By Lea Guedj
ORLEANS, France (Reuters) – Christophe Desportes-Guilloux is old enough to remember a time, decades ago, when French police would raid nightclubs and detain people like him for being gay.
Those times have gone but they left a legacy: a deficit of trust between police and France’s LGBT+ community which means that, today, some people are reluctant to go to the police when they are victims of attacks linked to their sexual identity.
Desportes-Guilloux, 56, has made it his mission to fix that problem, by going into police stations and training officers in how to handle reports of crime from LGBT+ people.
“There are still many LGBT people who fear people in uniform,” he said outside the police headquarters in the central French city of Orleans, where he delivered a training session for officers.
“The idea is to improve the relationship between police officers and citizens,” said Desportes-Guilloux, who represents an LGBT+ association called GAGL45.
According to French interior ministry data, in 2020 police recorded 1,590 victims of crimes classified as homophobic or transphobic.
But that is an incomplete picture.
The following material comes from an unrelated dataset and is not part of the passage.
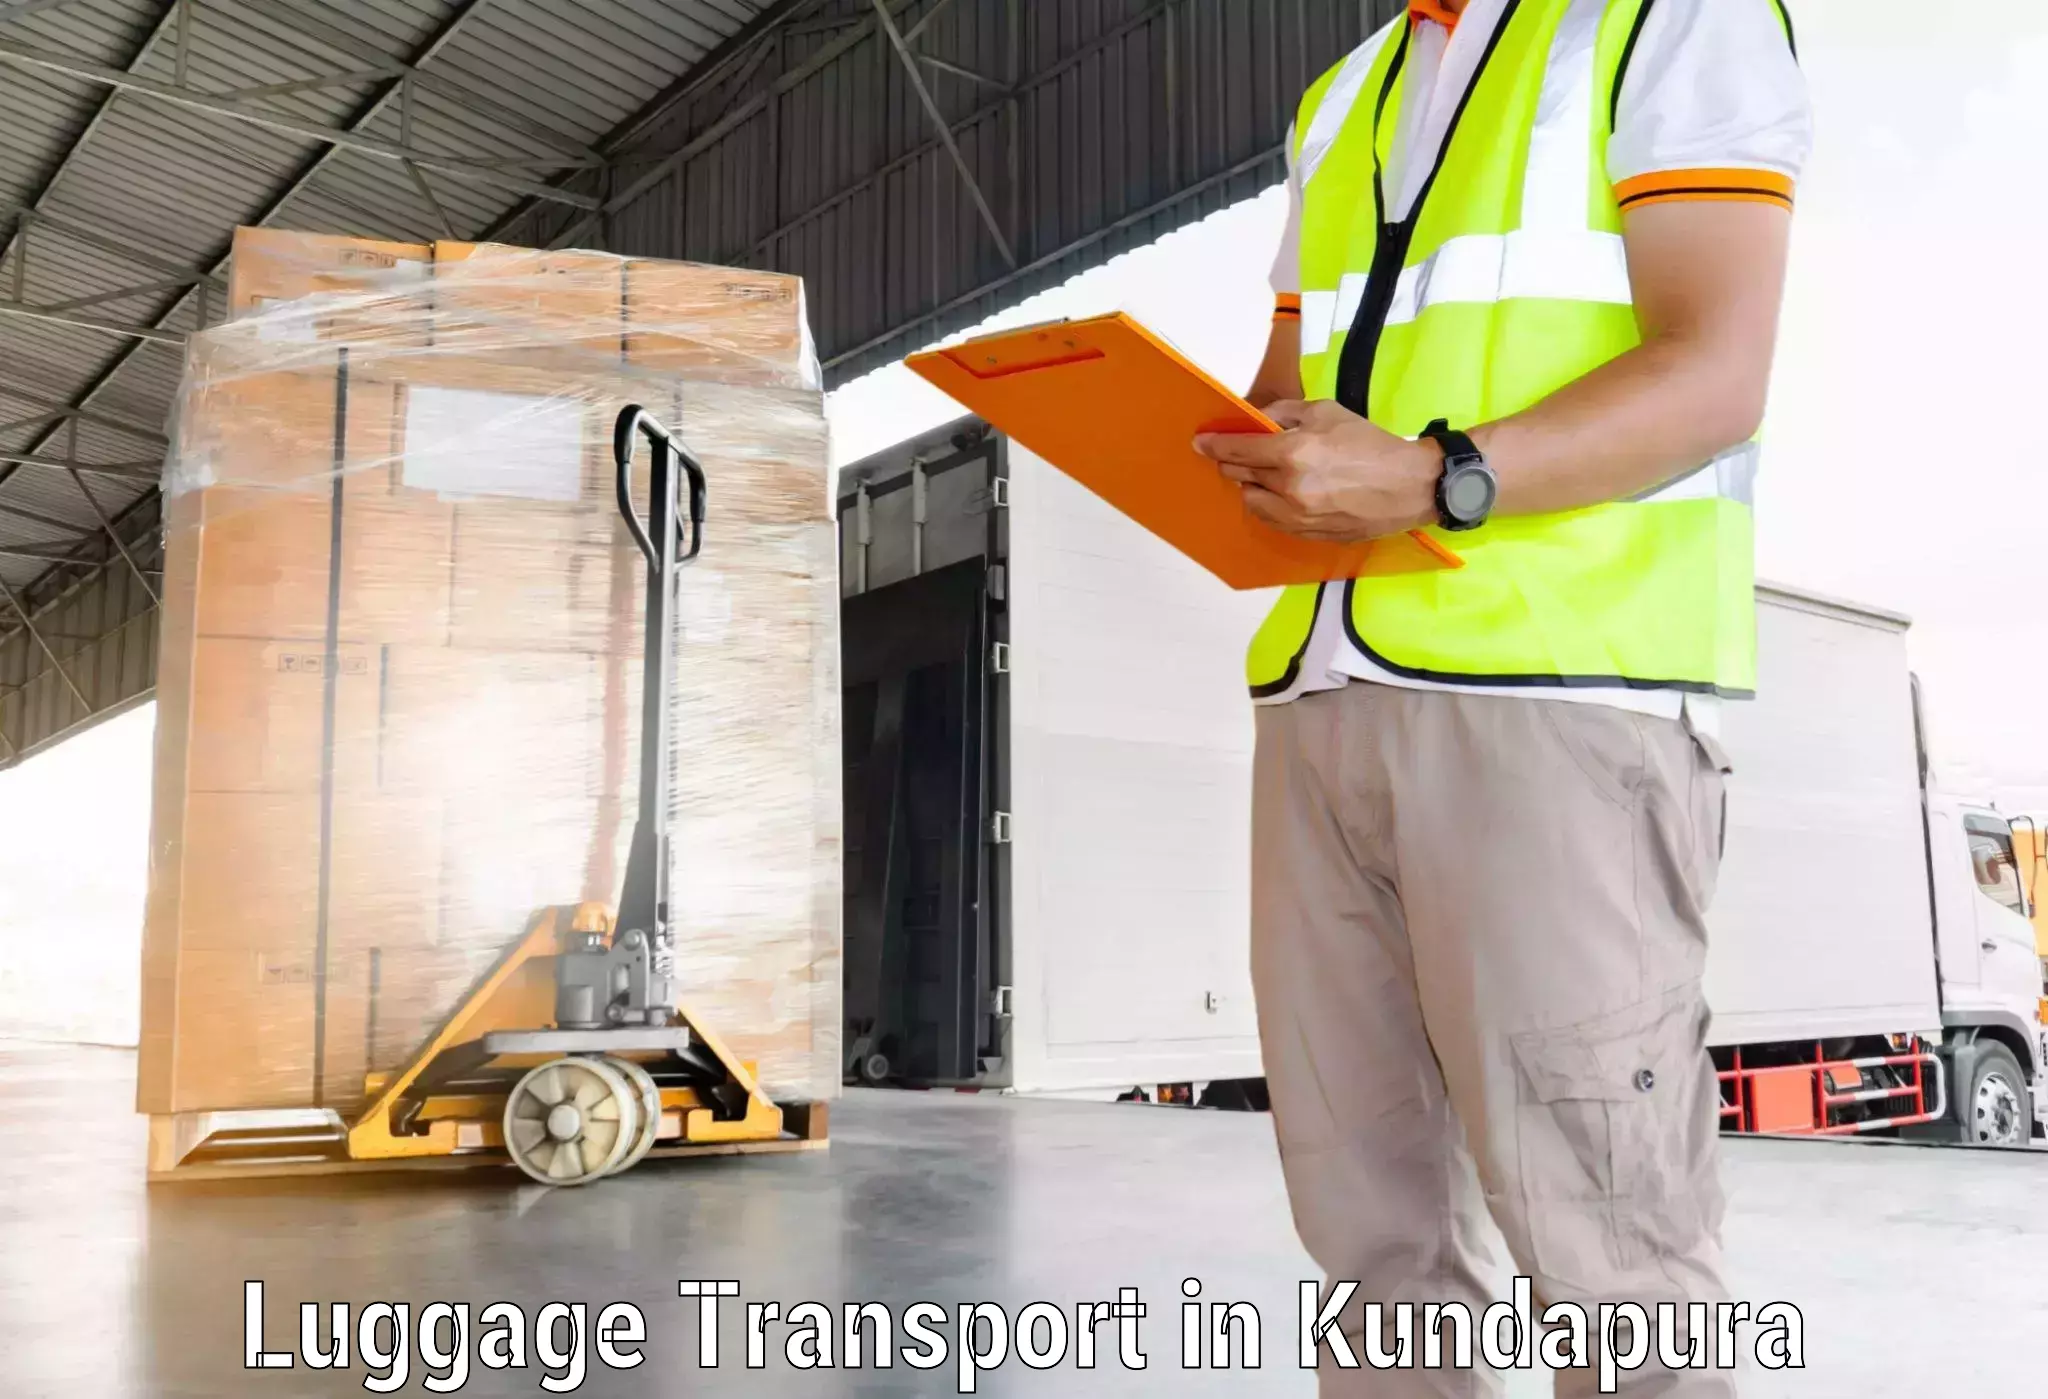 Emergency luggage shipping in Kundapura

A study by the ministry found that in the period 2012-2018, only 20% of people who were victims of anti-LGBT threats or violence filed a report with the police.
“We wondered why, and we heard two different kinds of answers,” said Desportes-Guilloux. “People telling us: ‘It’s because police officers don’t give us a good reception,’ and others saying: ‘Because I don’t dare to go file a complaint’.”
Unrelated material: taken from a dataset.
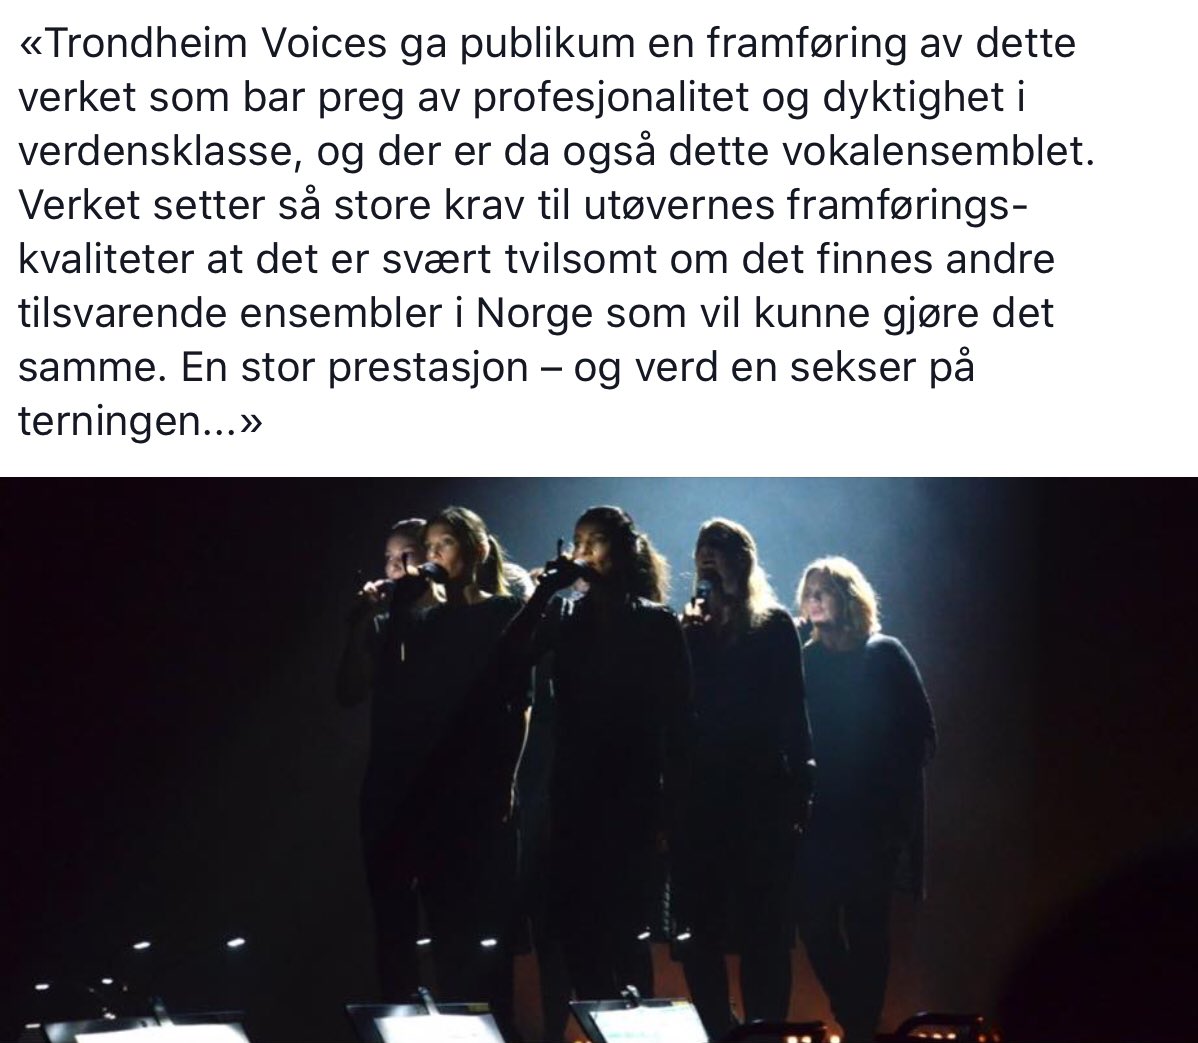 Avisa Nordland om Trondheim Voices sin framføring av Ekkokammer 2.0 på Stormen sitt femårsjubileum under Nordic Music Days. Tusen takk!

“So the idea for us is to create a link between those who may need to file a complaint and the police officers who receive the complaints.”
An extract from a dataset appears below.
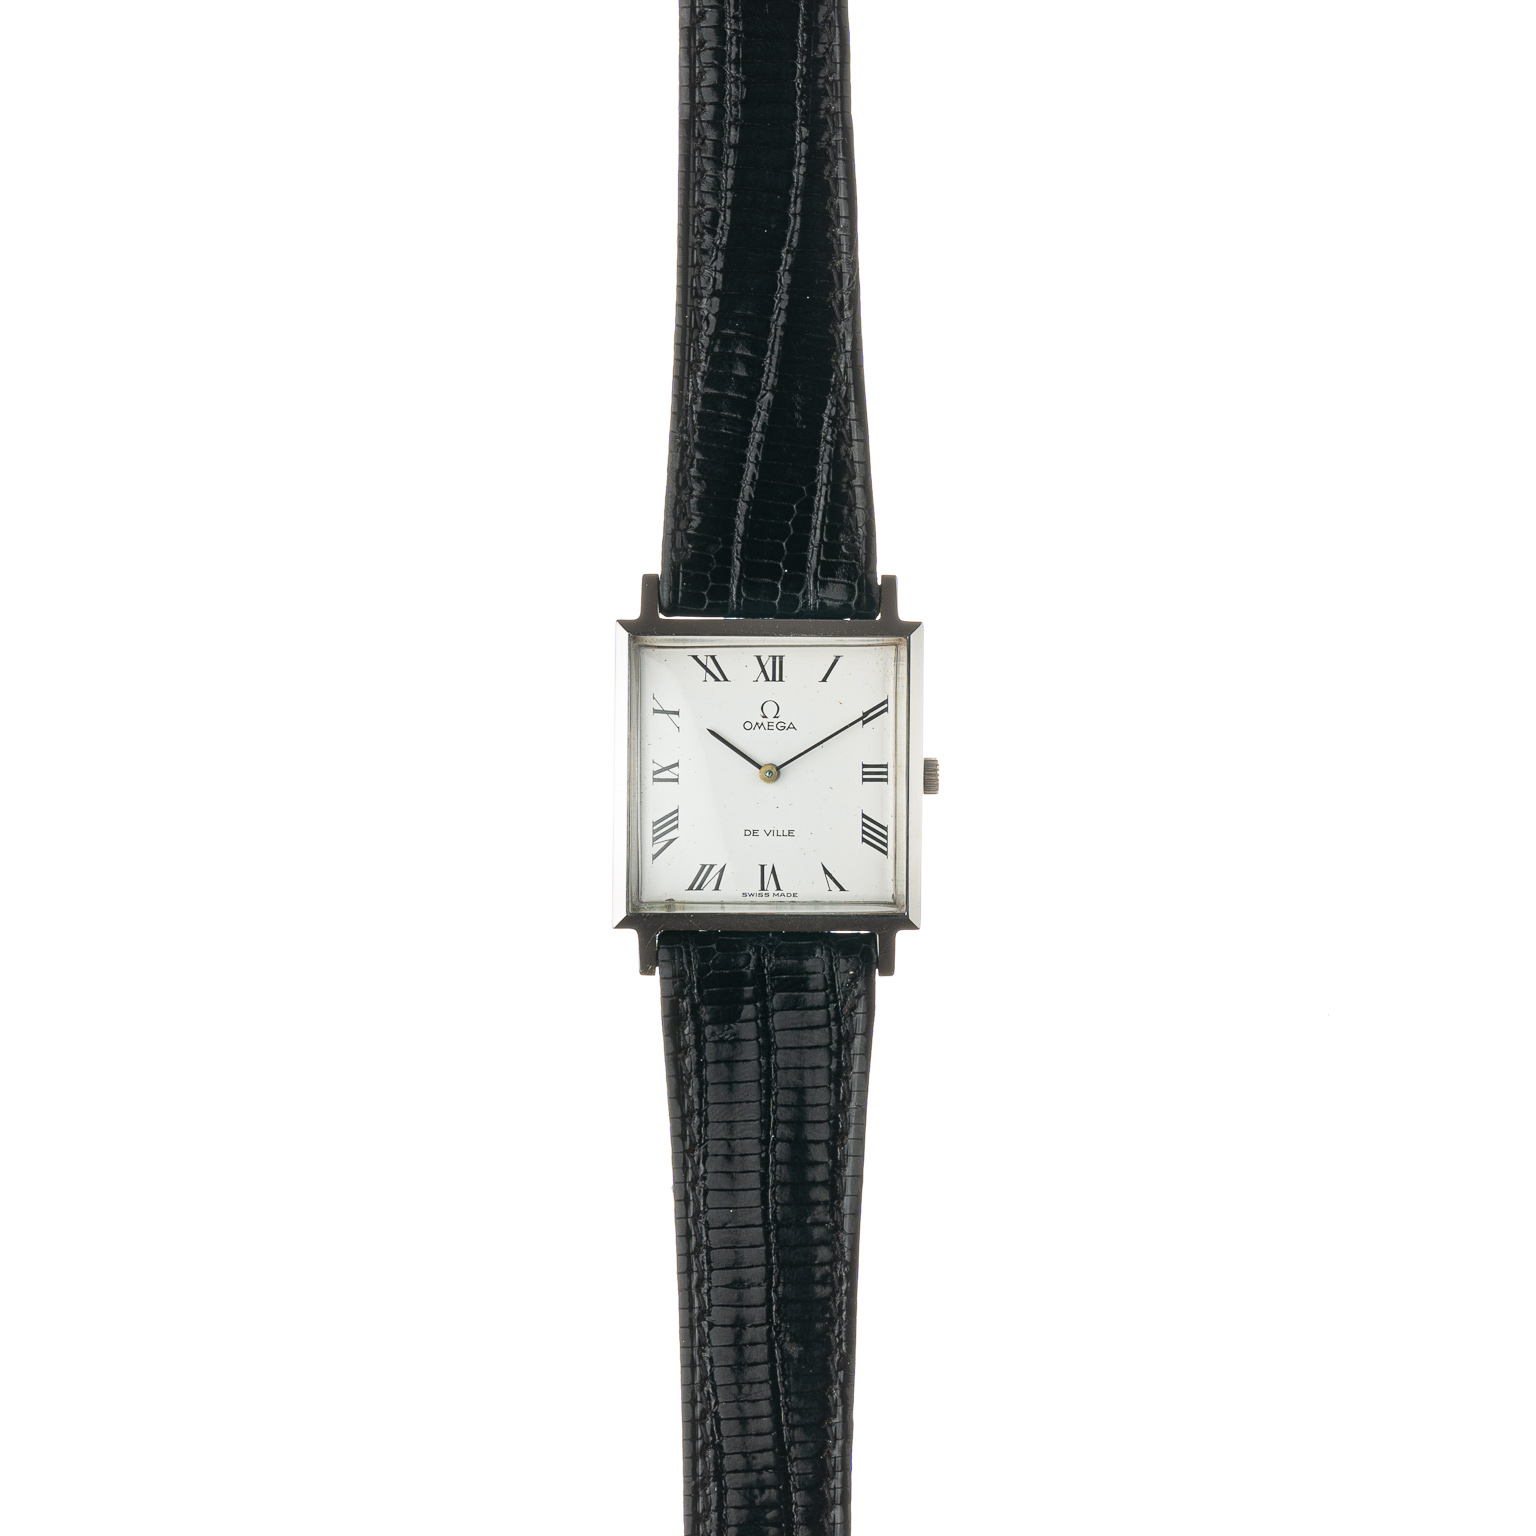 Vintage Omega De Ville 551.022 from 1966 watch

To date, his association has carried out about 10 training sessions for police. At the Orleans police headquarters, Desportes-Guilloux stood in front of an audience of around 30 officers who work in the department that receives reports of crime from citizens.
He guided the officers through the different types of sexual orientation and sexual identities they could encounter in society and the vocabulary used to describe them. And he briefed them on the kind of crimes to which LGBT+ people are especially vulnerable.
One of the officers listening was Maryline Francois, a major in charge of the department.
The training, she said, “allows us to identify the victim, to know who we are talking to, in order to adapt our speech to what this person feels.”
“It is a lot about victims’ sensibility and perception, which we must adapt to.”